### Prompt
In the entries below, the lines from the one with "This film starredWarner" through the one with "This lobby card" are to be copied exactly; both ends count.

### Data supplied

"""

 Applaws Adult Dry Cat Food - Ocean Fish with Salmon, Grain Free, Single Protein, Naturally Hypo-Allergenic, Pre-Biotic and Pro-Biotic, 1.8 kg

"""
"""

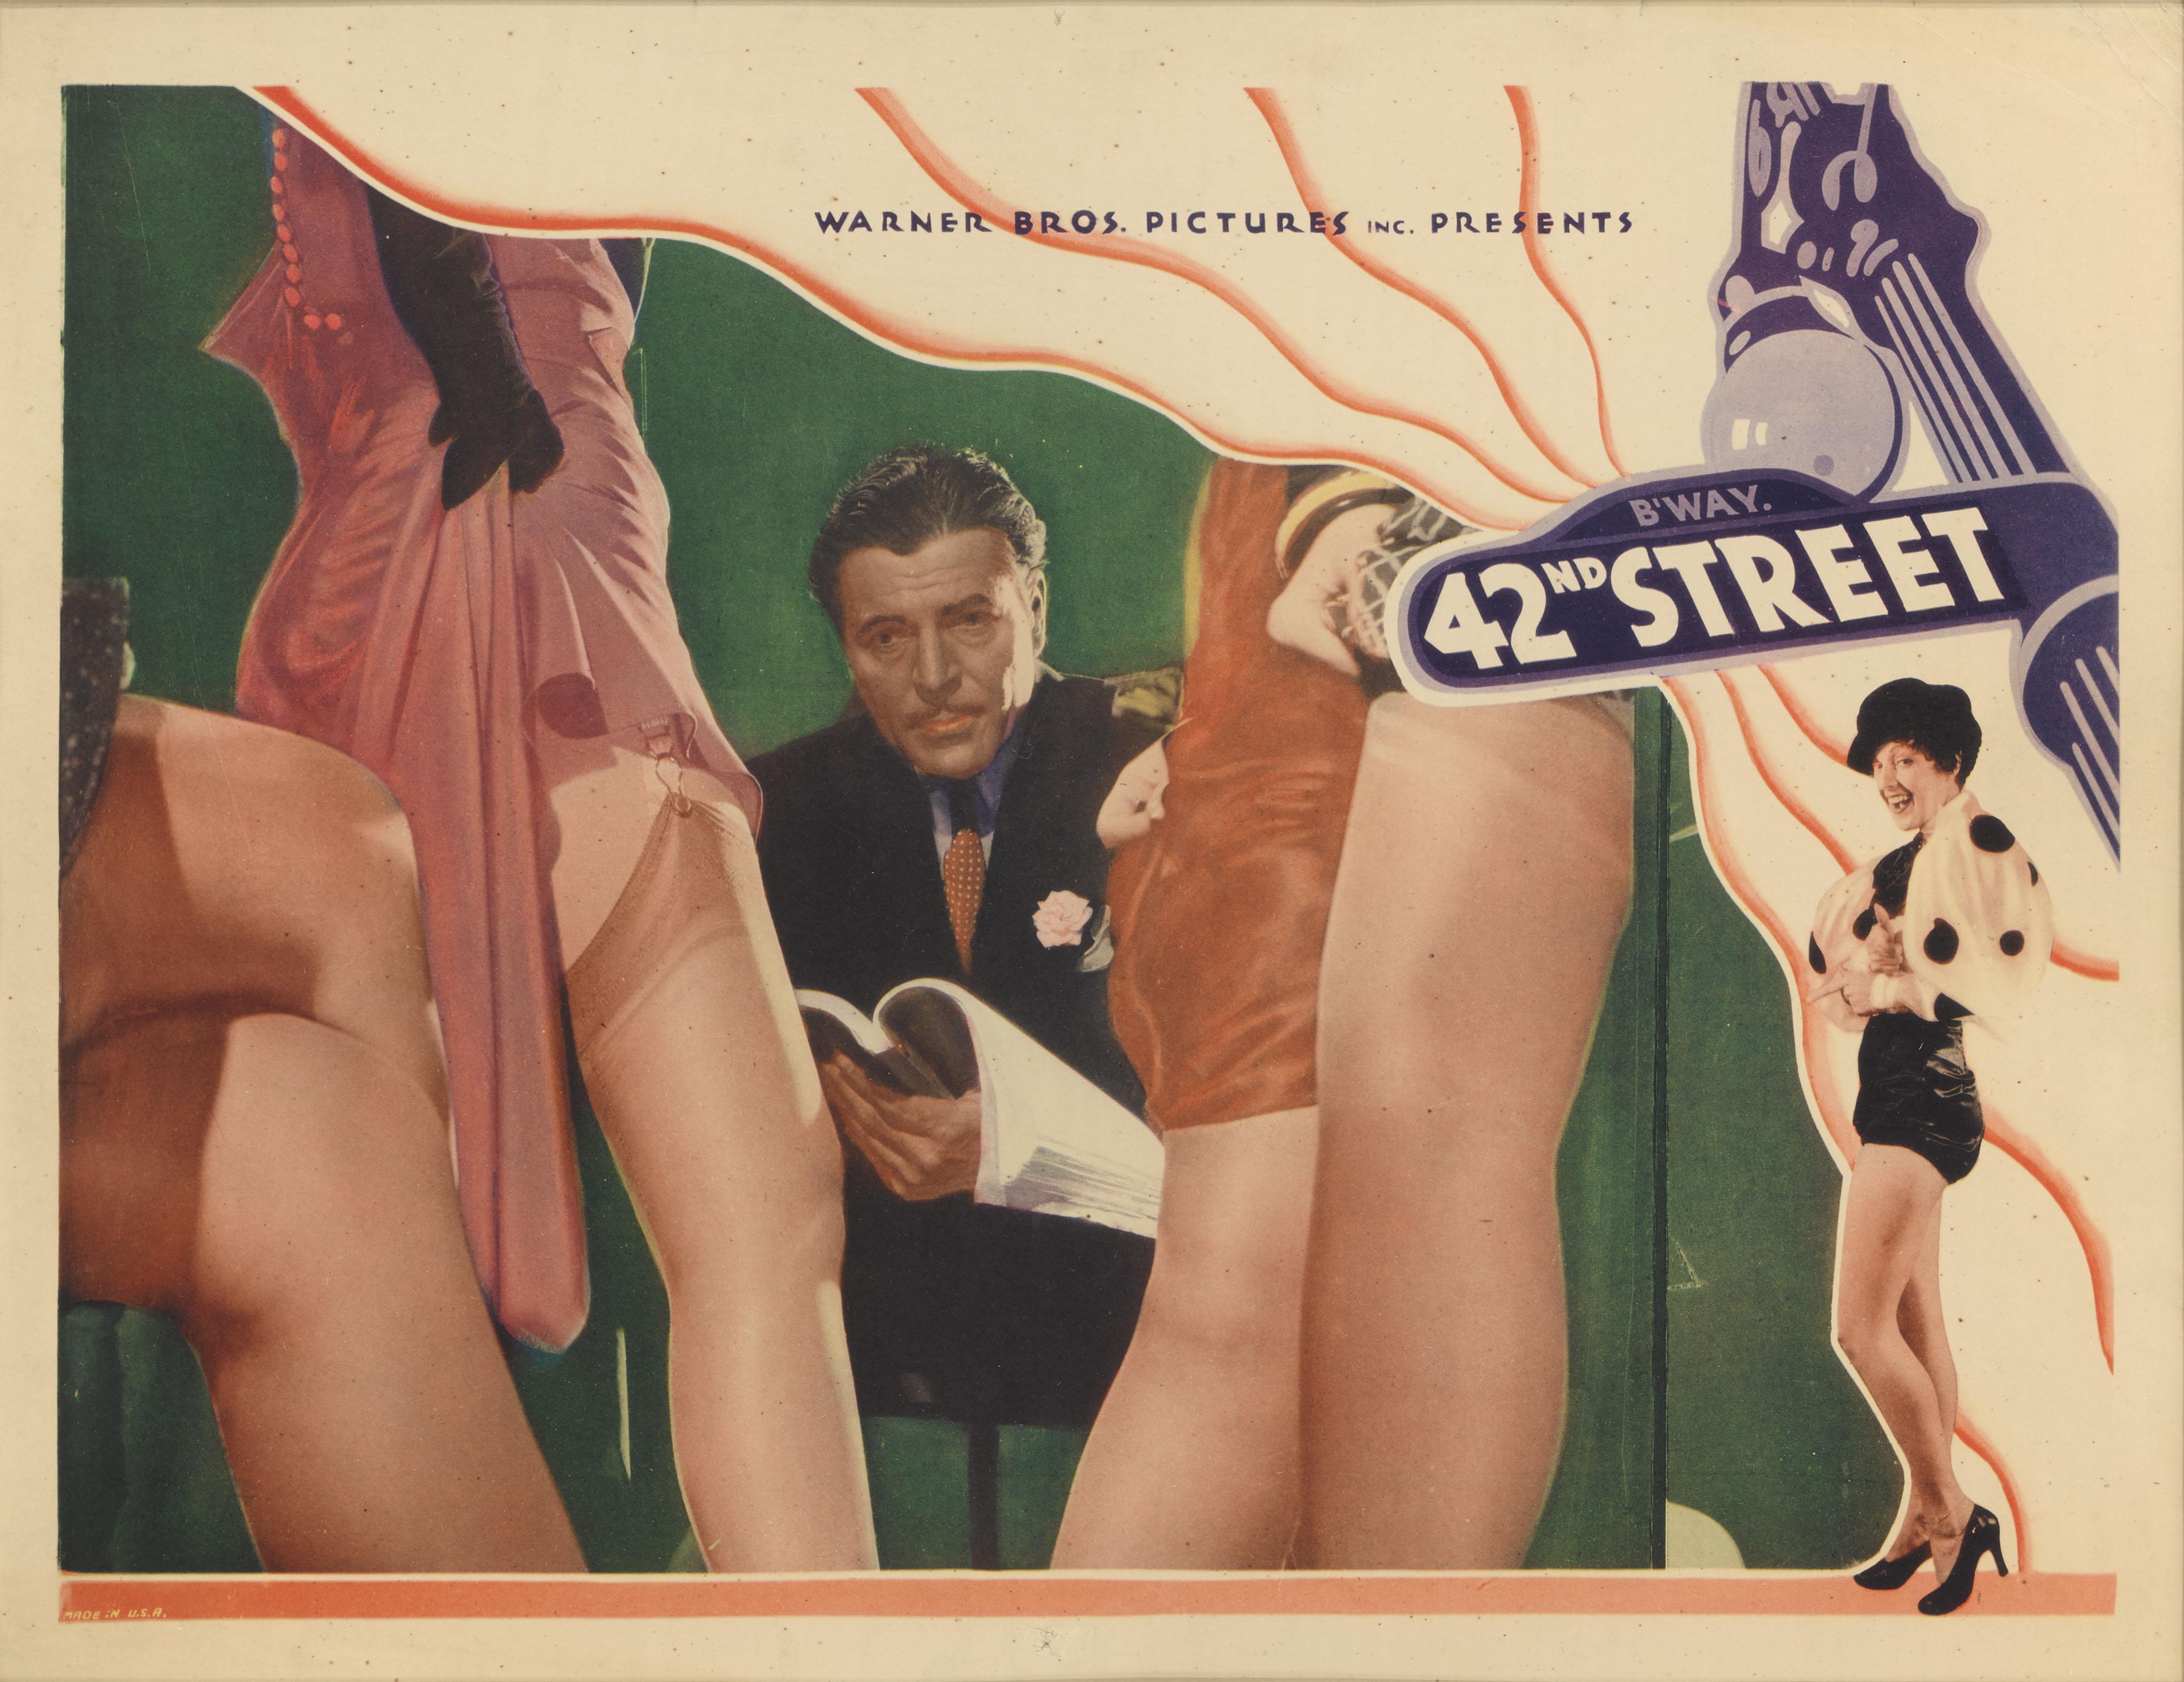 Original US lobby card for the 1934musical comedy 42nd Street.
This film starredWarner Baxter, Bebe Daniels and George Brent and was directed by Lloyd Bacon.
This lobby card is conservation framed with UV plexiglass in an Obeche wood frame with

"""

### Written response
This film starredWarner Baxter, Bebe Daniels and George Brent and was directed by Lloyd Bacon.
This lobby card is conservation framed with UV plexiglass in an Obeche wood frame with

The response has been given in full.